▶ What you have to do
In your copy of the data, include no pictures and alter nothing else.

▶ Information shown
──────

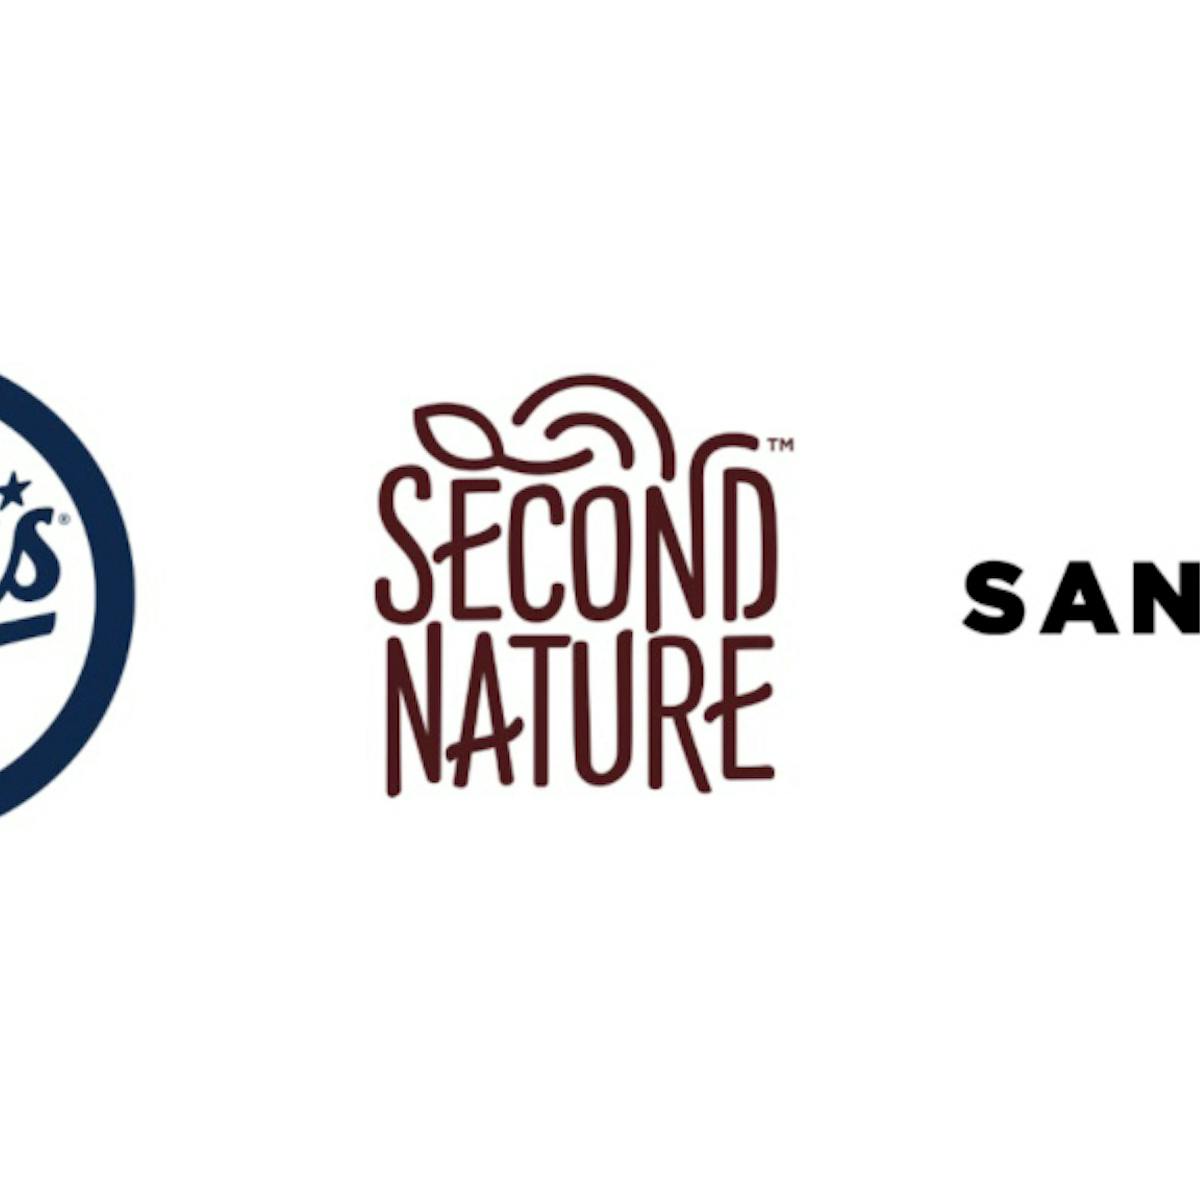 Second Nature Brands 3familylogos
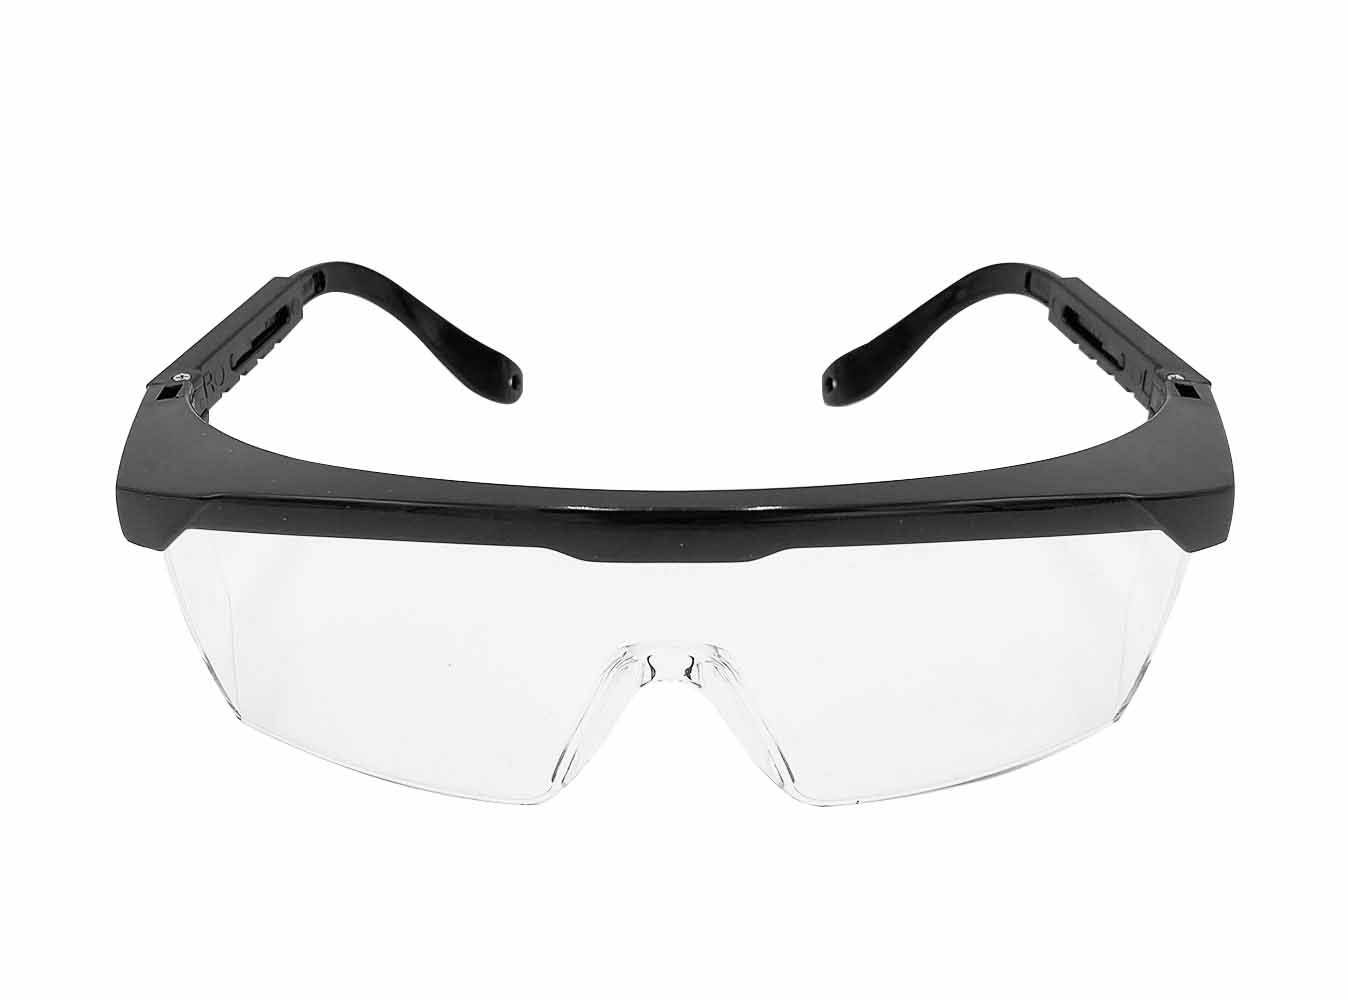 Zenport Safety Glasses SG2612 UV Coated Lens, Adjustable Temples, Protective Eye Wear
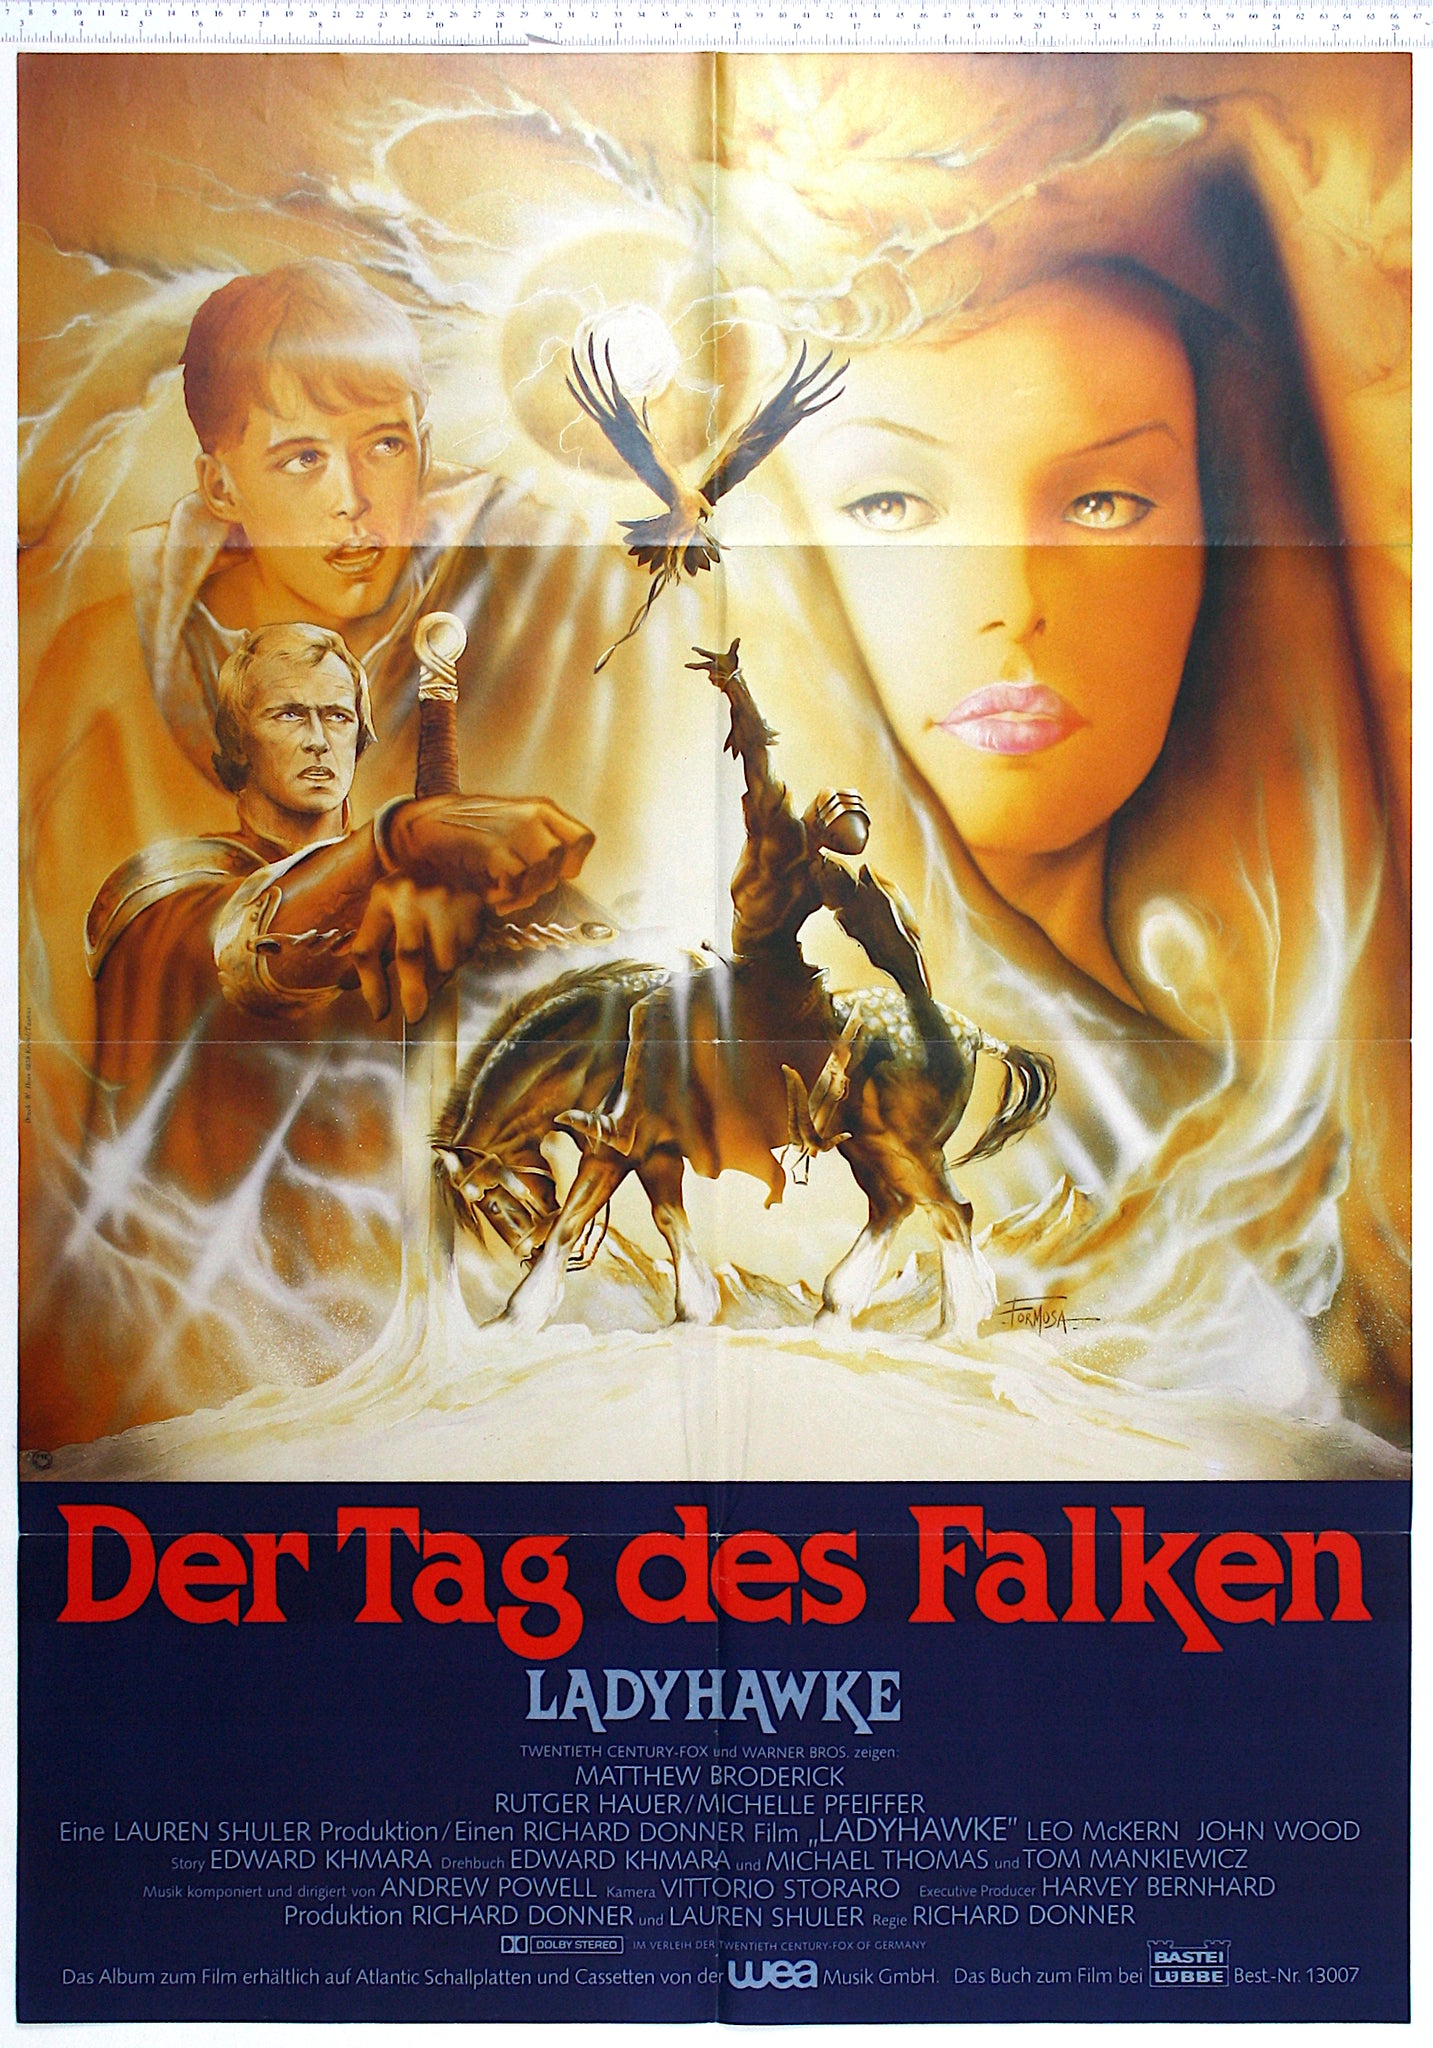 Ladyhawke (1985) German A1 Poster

──────

▶ Written response
 Second Nature Brands 3familylogos
 Zenport Safety Glasses SG2612 UV Coated Lens, Adjustable Temples, Protective Eye Wear
 Ladyhawke (1985) German A1 Poster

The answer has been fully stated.